FK is a straightforward calculation that determines the end-effector position from given joint angles.Inverse kinematics: “Tell me how to get there.”
IK requires a more complex calculation process to find the joint angles needed to reach a desired end-effector position.
And in practice:
FK is deterministic and fast.
IK is a constrained search/optimization problem.

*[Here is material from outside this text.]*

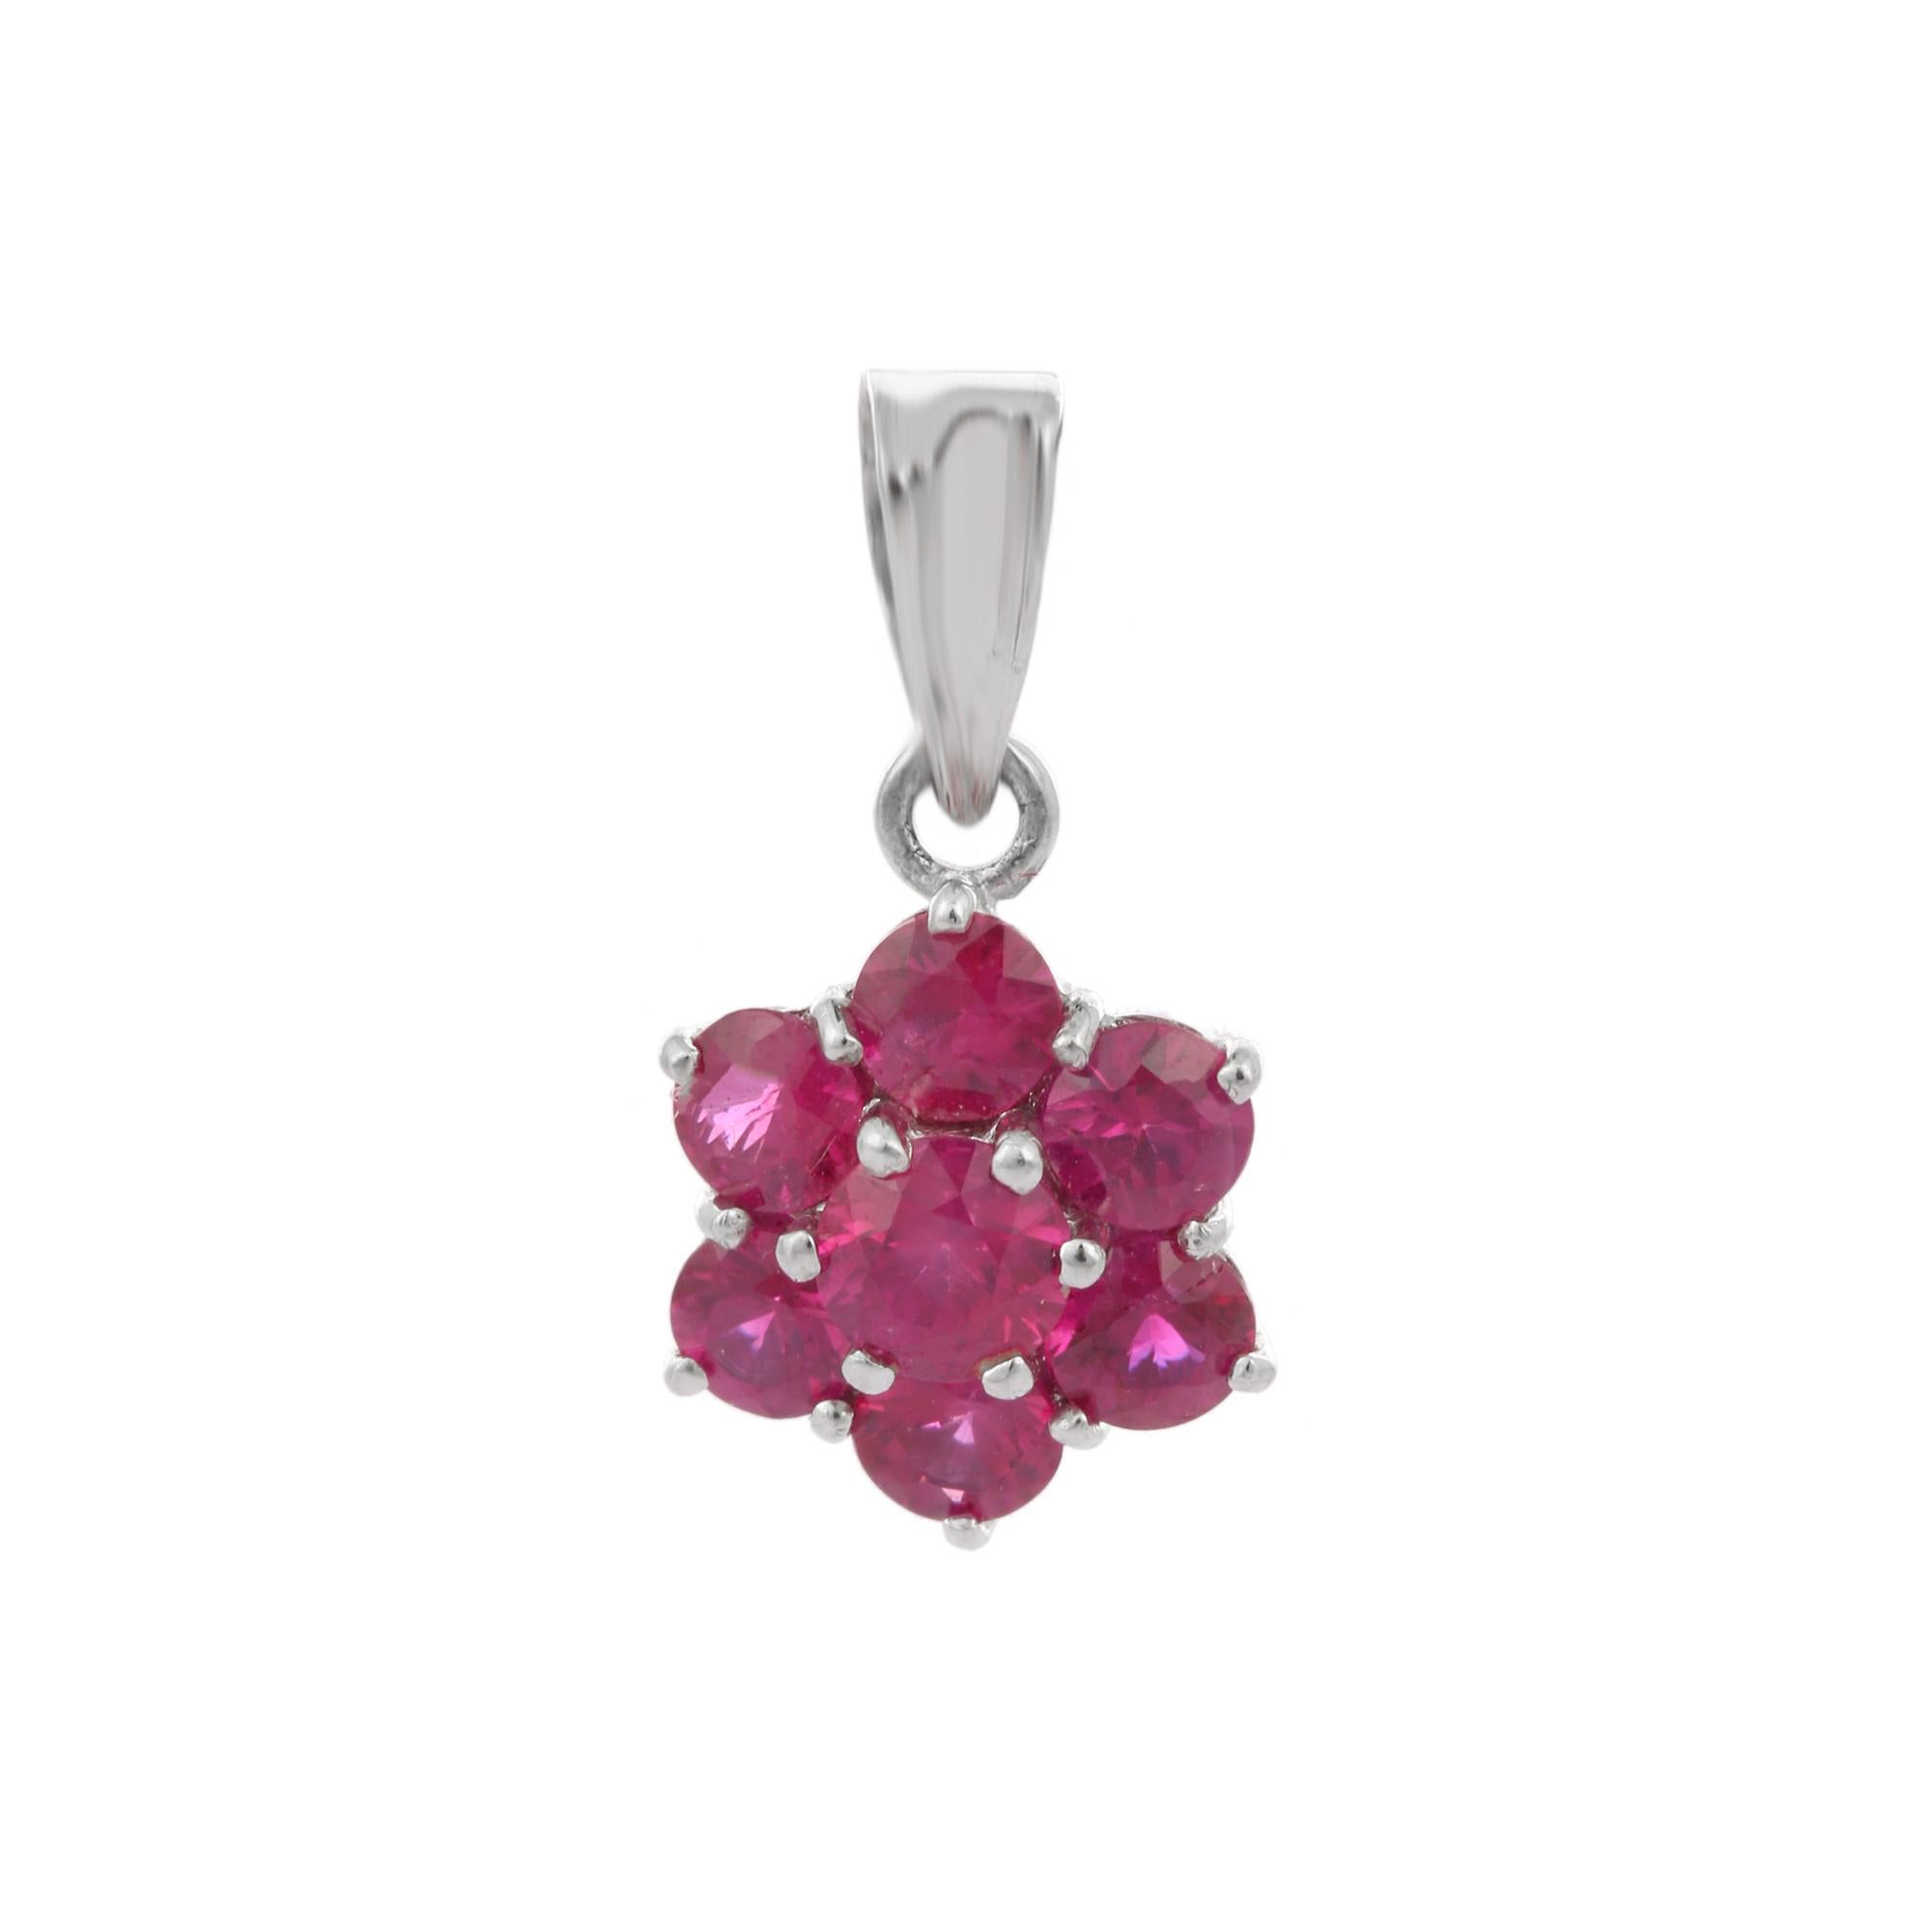 Round cut ruby flower pendant in 18K Gold. It has a round cut ruby that completes your look with a decent touch. Pendants are used to wear or gifted to represent love and promises. It's an attractive jewelry piece that goes with every basic outfit

12) A Simple Diagram You Can Reuse in Your Notes
Here’s a compact mental map:
1 | Joint Space Task Space |
13) What’s Next
In a follow-up article, the natural next steps are:
Homogeneous transforms and chaining link-by-link transforms
Denavit–Hartenberg (DH) parameters and the calculation of these parameters to describe robot geometry
Calculation of kinematics, including how to numerically compute joint configurations for desired end-effector positions
Jacobian-based IK with a worked numeric example
Constrained IK as an optimization problem (limits, collisions, posture)
Why IK is not control: IK gives targets; control loops track them
Key Takeaways
FK maps joints → pose and is usually straightforward.
IK maps pose → joints, can have 0, 1, or many solutions, and is often solved numerically.
The Jacobian connects small joint changes to small Cartesian changes.
Real-world IK is almost always about constraints and stability, not just geometry.
In a cyber-physical system, FK and IK are typically part of a bigger pipeline: planning, control, sensing, safety, and are foundational to engineered systems and advanced technology.
Robotics is the interdisciplinary study and practice of the design, construction, operation, and use of robots.
The goal of most robotics is to design machines that can help and assist humans.
FK and IK are used in many other applications beyond those discussed here, supporting a wide range of technology-driven solutions across industries.